Talita Baqlah

Personal information
- Native name: تاليتا بقلة
- Nationality: Jordanian
- Born: 27 October 1995 (age 30) Pecica, Romania

Sport
- Sport: Swimming
- Strokes: Freestyle

= Talita Baqlah =

Jordanian swimmer

Talita Baqlah (تاليتا بقلة; born 27 October 1995) is a Jordanian swimmer who has competed in three consecutive Olympic games, in the 2012, 2016 and 2020 Summer Olympics.

==Career==
Baqlah was born in Pecica, Romania. She competed in 50 metre freestyle at the 2012 Summer Olympics in London where she ranked 45th. She also competed in the Women's 50 metre freestyle contest at the 2016 Summer Olympics in Rio de Janeiro, and she ranked 51st. She set a Jordanian national record with a time of 26.48.

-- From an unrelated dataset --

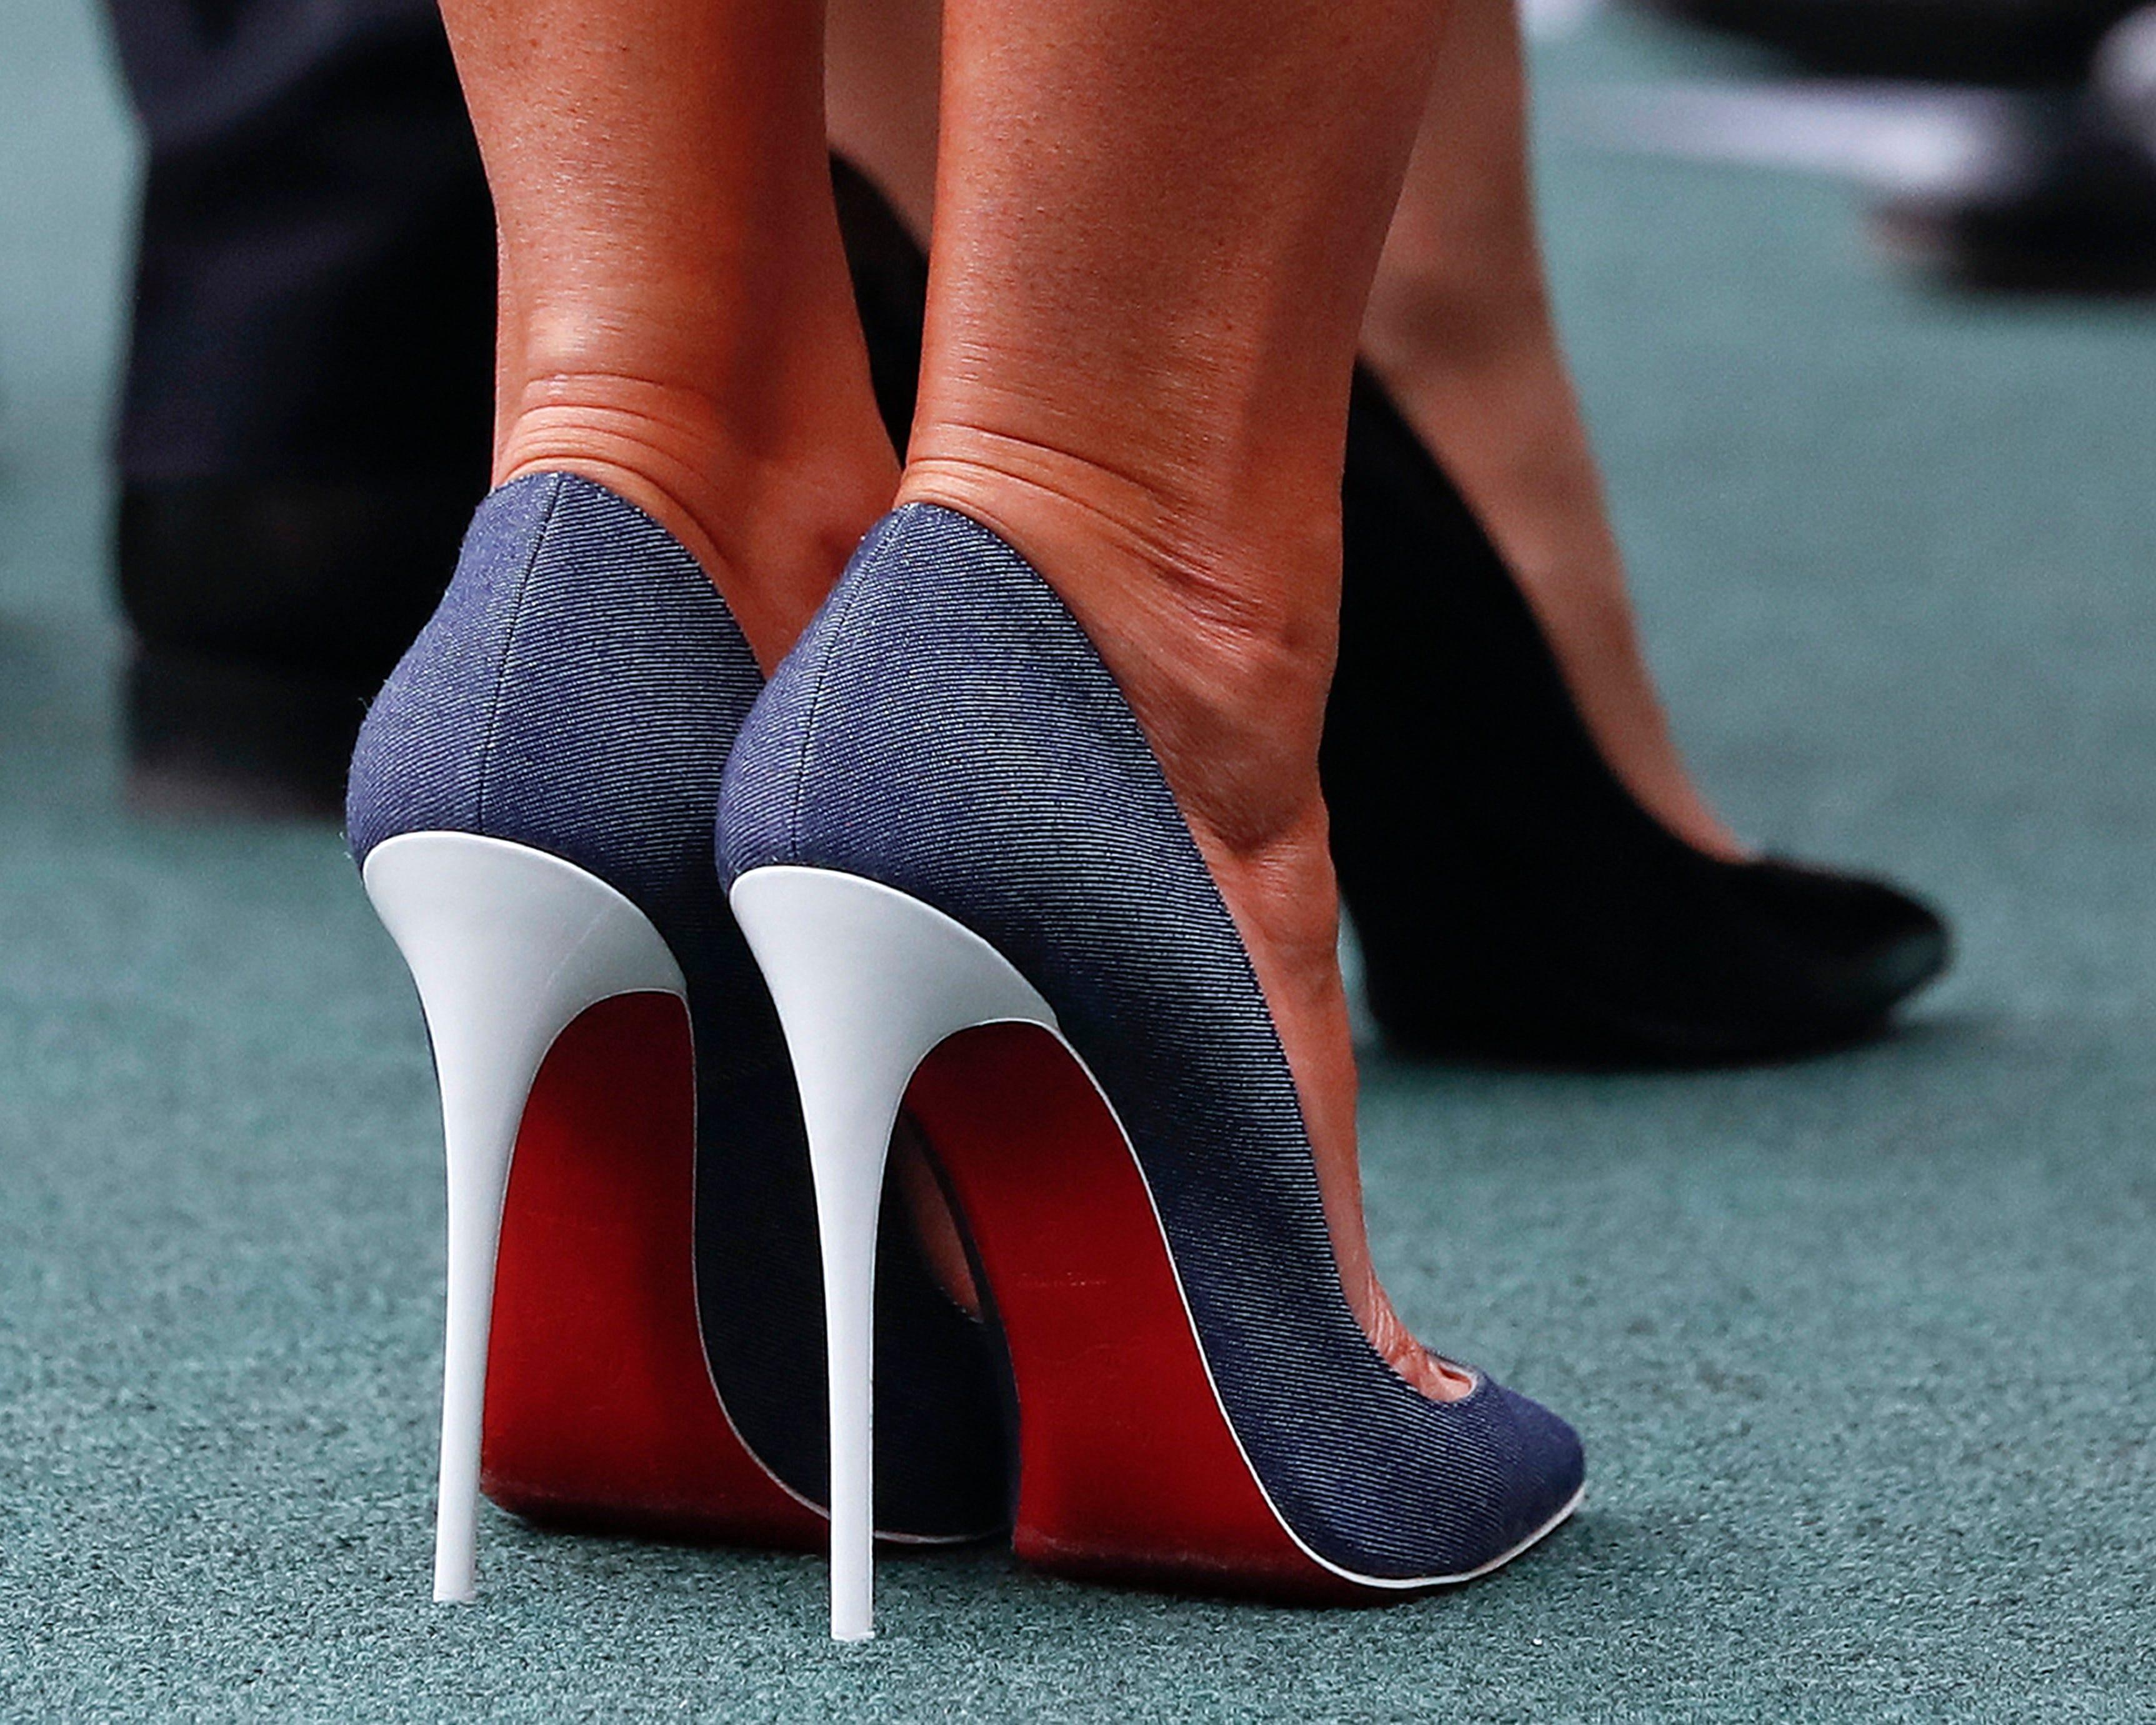 Designer Louboutin wins case on red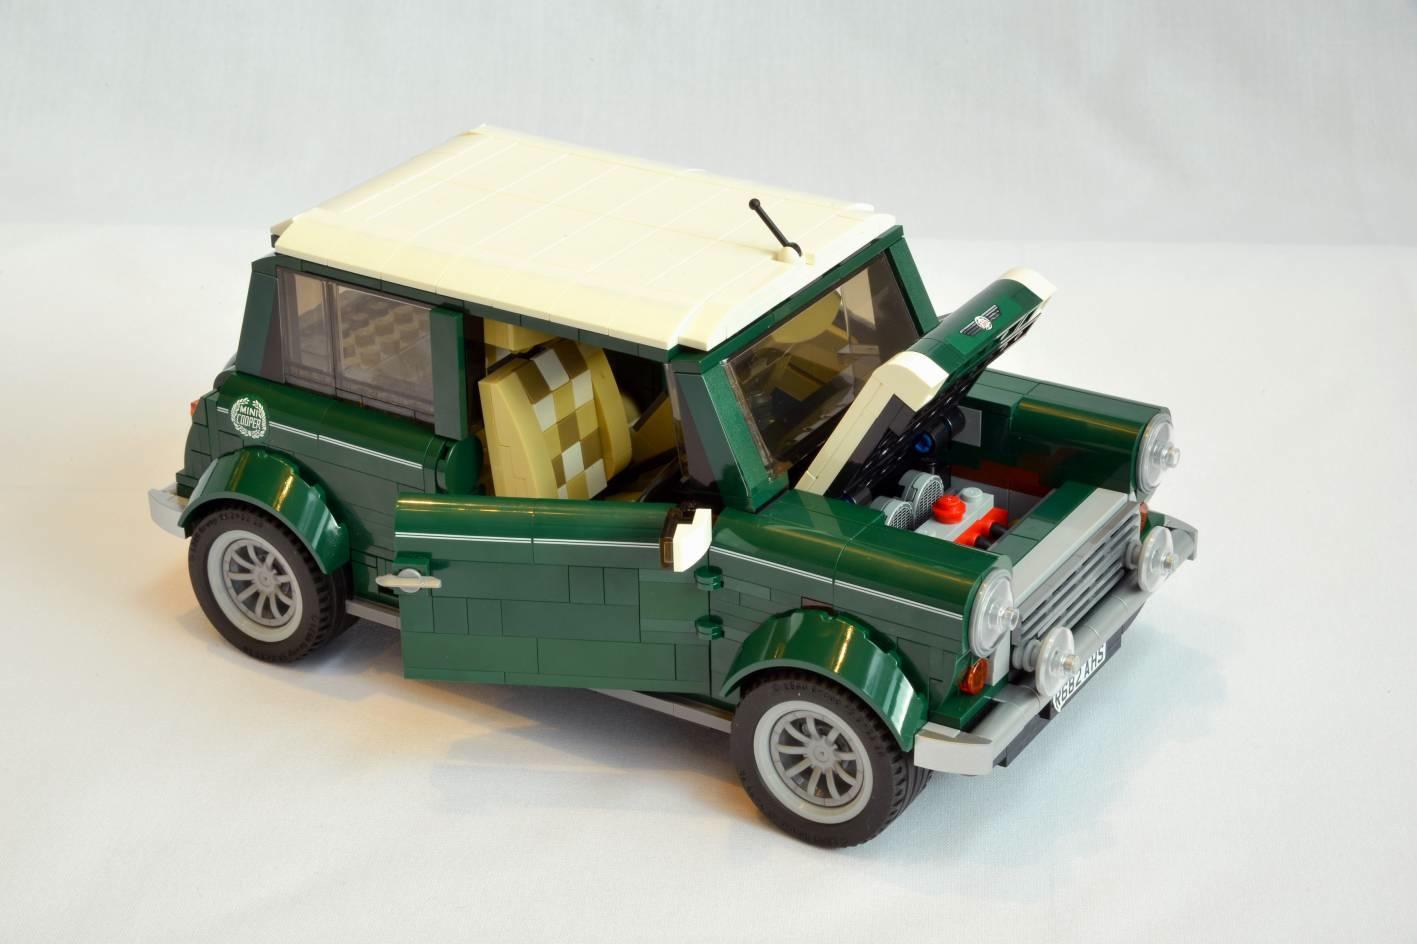 Lego Adds Mini Cooper To Creator Expert Series

She represented Jordan at the 2015 World Aquatics Championships, and 2019 World Aquatics Championships held in Gwangju, South Korea. She competed in the women's 50 metre freestyle and women's 100 metre freestyle events. In both events she did not advance to compete in the semi-finals. She also competed in two mixed relay events, without winning a medal.

Her brother is Khader Baqlah.

==National records==
Baqlah has set a number of Jordanian national records, including in 50 Freestyle, 100 Freestyle, 50 Backstroke, 50 Butterfly, 100 Butterfly.